(Input material Opens)

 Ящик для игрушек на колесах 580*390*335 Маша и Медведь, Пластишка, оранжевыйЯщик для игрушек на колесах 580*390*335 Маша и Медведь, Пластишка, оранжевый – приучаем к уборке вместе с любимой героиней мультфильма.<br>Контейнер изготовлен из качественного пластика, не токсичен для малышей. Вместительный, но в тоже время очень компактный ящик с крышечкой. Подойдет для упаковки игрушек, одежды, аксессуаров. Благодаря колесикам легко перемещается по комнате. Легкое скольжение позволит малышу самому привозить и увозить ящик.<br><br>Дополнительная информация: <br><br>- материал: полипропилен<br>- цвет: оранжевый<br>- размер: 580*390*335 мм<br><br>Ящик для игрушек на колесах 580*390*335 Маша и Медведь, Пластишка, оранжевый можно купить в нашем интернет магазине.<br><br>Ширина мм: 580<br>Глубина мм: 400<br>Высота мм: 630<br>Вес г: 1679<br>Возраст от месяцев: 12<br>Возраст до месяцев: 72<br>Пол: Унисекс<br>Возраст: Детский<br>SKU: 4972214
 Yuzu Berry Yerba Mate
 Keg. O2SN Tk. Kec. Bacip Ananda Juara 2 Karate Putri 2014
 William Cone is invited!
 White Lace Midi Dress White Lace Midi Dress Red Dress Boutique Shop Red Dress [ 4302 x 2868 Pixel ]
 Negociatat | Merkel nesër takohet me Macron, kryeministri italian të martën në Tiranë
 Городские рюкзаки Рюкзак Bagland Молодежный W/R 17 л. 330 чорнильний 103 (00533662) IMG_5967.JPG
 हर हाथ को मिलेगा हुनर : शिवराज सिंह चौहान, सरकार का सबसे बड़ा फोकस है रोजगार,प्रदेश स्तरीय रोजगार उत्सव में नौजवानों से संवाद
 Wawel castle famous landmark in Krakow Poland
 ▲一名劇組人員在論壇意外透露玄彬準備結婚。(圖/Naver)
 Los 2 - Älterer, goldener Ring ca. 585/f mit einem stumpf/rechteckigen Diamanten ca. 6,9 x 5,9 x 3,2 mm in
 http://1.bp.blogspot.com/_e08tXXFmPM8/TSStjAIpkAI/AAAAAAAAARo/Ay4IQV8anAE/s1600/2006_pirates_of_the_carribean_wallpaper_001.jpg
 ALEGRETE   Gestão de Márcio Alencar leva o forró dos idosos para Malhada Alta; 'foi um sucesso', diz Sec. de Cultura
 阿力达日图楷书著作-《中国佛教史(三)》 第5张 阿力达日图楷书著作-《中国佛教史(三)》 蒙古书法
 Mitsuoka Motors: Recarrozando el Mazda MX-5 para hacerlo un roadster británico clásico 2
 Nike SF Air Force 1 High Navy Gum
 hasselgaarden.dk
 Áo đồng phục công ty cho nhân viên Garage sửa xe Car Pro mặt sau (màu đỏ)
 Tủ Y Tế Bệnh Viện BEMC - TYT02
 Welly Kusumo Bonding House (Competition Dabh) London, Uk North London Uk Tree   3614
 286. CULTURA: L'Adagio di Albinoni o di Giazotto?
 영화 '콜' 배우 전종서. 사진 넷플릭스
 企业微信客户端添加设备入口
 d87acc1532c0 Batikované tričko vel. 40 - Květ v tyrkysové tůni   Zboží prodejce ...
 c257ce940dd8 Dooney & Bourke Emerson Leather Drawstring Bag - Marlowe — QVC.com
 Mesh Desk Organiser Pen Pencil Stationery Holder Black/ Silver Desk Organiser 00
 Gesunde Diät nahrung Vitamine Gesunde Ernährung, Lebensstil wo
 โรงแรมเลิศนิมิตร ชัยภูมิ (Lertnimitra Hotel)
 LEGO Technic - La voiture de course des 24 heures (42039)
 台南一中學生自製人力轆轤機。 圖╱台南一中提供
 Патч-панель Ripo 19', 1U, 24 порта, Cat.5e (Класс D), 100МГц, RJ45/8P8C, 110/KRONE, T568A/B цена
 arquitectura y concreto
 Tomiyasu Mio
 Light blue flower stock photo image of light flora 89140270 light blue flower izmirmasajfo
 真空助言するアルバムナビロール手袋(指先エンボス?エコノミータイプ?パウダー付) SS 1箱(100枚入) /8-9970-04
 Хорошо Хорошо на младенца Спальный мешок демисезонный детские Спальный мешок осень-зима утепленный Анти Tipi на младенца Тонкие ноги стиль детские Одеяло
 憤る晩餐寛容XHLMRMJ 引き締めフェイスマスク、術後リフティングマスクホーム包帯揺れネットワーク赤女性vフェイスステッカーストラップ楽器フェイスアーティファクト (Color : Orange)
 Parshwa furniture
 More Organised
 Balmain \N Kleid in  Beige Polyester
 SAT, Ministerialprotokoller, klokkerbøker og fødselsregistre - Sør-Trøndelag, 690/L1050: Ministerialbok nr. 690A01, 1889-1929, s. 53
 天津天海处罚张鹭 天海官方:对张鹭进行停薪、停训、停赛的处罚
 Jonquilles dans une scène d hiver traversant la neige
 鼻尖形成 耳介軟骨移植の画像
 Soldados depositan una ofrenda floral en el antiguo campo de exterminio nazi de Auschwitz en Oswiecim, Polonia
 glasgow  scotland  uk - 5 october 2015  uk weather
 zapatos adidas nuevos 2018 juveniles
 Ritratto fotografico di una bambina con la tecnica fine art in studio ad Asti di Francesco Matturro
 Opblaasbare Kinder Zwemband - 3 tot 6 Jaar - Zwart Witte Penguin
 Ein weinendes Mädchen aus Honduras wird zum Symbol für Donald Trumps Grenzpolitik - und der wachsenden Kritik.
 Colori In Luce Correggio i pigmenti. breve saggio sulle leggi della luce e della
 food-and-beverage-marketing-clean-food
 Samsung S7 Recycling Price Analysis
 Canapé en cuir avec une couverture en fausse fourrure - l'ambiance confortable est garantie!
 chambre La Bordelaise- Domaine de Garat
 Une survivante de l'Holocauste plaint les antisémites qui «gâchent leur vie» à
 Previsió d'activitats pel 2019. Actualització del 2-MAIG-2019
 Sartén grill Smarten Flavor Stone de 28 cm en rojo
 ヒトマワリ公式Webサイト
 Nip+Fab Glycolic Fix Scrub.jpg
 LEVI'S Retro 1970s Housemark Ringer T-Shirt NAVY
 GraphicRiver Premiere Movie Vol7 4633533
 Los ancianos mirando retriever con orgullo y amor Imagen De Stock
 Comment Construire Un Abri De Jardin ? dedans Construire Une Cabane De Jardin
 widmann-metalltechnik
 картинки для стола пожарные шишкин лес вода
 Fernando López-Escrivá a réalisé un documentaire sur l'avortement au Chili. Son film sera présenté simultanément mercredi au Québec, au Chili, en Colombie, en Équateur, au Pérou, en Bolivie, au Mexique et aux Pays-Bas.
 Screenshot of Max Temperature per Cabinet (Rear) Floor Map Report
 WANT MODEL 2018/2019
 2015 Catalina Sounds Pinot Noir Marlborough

(Input material Closes)

— Try it —
Which of the lines above include the string "para"? Pick them out and copy them.

— Output below —
 ALEGRETE   Gestão de Márcio Alencar leva o forró dos idosos para Malhada Alta; 'foi um sucesso', diz Sec. de Cultura
 Mitsuoka Motors: Recarrozando el Mazda MX-5 para hacerlo un roadster británico clásico 2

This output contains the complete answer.